Question

3- a lead ball is dropped into a lake from a diving board 12.0 m above the water. after entering to the water, it sinks to the bottom with a constant velocity equal to the velocity with which it hit the water. the ball reaches the bottom 5.0 s after it is released. how deep is the lake?

Explanation:

Step1: Calculate the time to fall to the water surface

The ball is in free - fall motion before entering the water. The height of the diving board above the water is $h_1 = 12.0$ m, and the acceleration due to gravity is $g=9.8$ m/s². Using the equation $h_1 = v_0t_1+\frac{1}{2}gt_1^{2}$, with $v_0 = 0$ m/s, we have $h_1=\frac{1}{2}gt_1^{2}$. So, $t_1=\sqrt{\frac{2h_1}{g}}$.
$t_1=\sqrt{\frac{2\times12.0}{9.8}}\approx1.56$ s.

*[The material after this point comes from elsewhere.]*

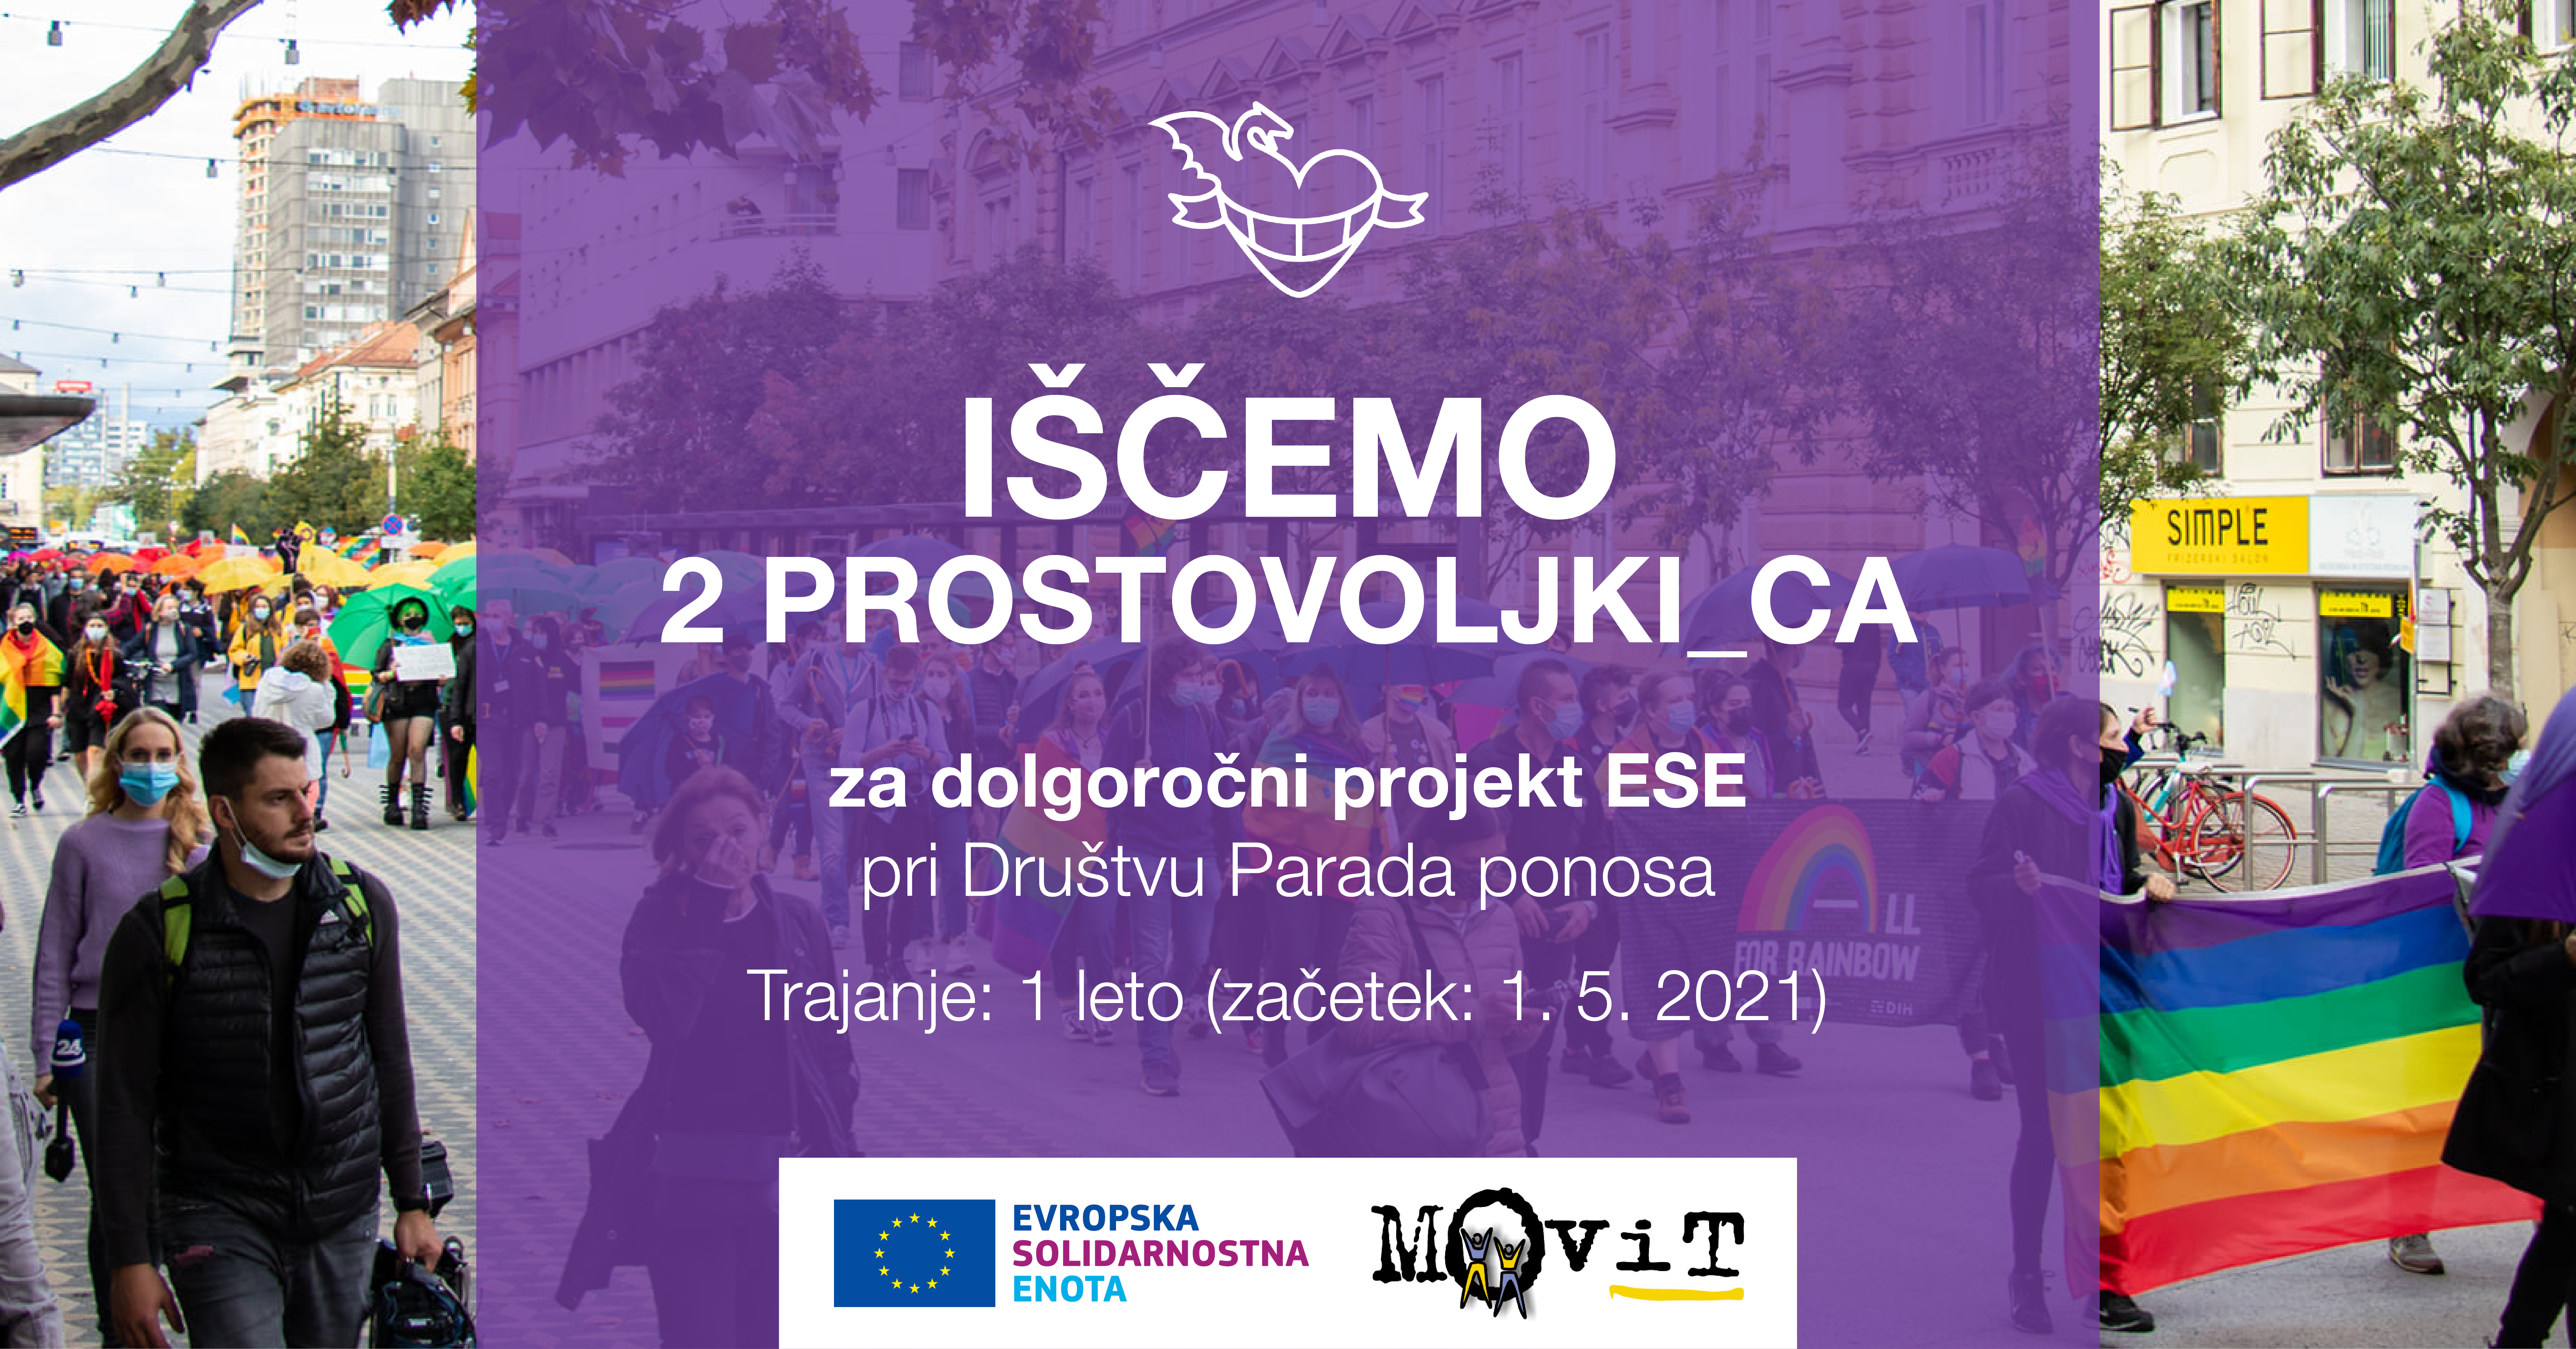 Ljubljana Pride Association Long-term volunteering project call

Step2: Calculate the time to sink in the water

The total time from release to reaching the bottom is $t = 5.0$ s. The time to sink in the water is $t_2=t - t_1$.
$t_2=5.0 - 1.56 = 3.44$ s.

Step3: Calculate the velocity when hitting the water

Using the equation $v = v_0+gt_1$ (with $v_0 = 0$ m/s), we get $v = gt_1$.
$v=9.8\times1.56\approx15.3$ m/s.

Step4: Calculate the depth of the lake

Since the ball sinks in the water with a constant velocity $v$, and the time of sinking is $t_2$, the depth of the lake $h_2=v\times t_2$.
$h_2 = 15.3\times3.44\approx52.6$ m.

Answer:

The lake is approximately $52.6$ m deep.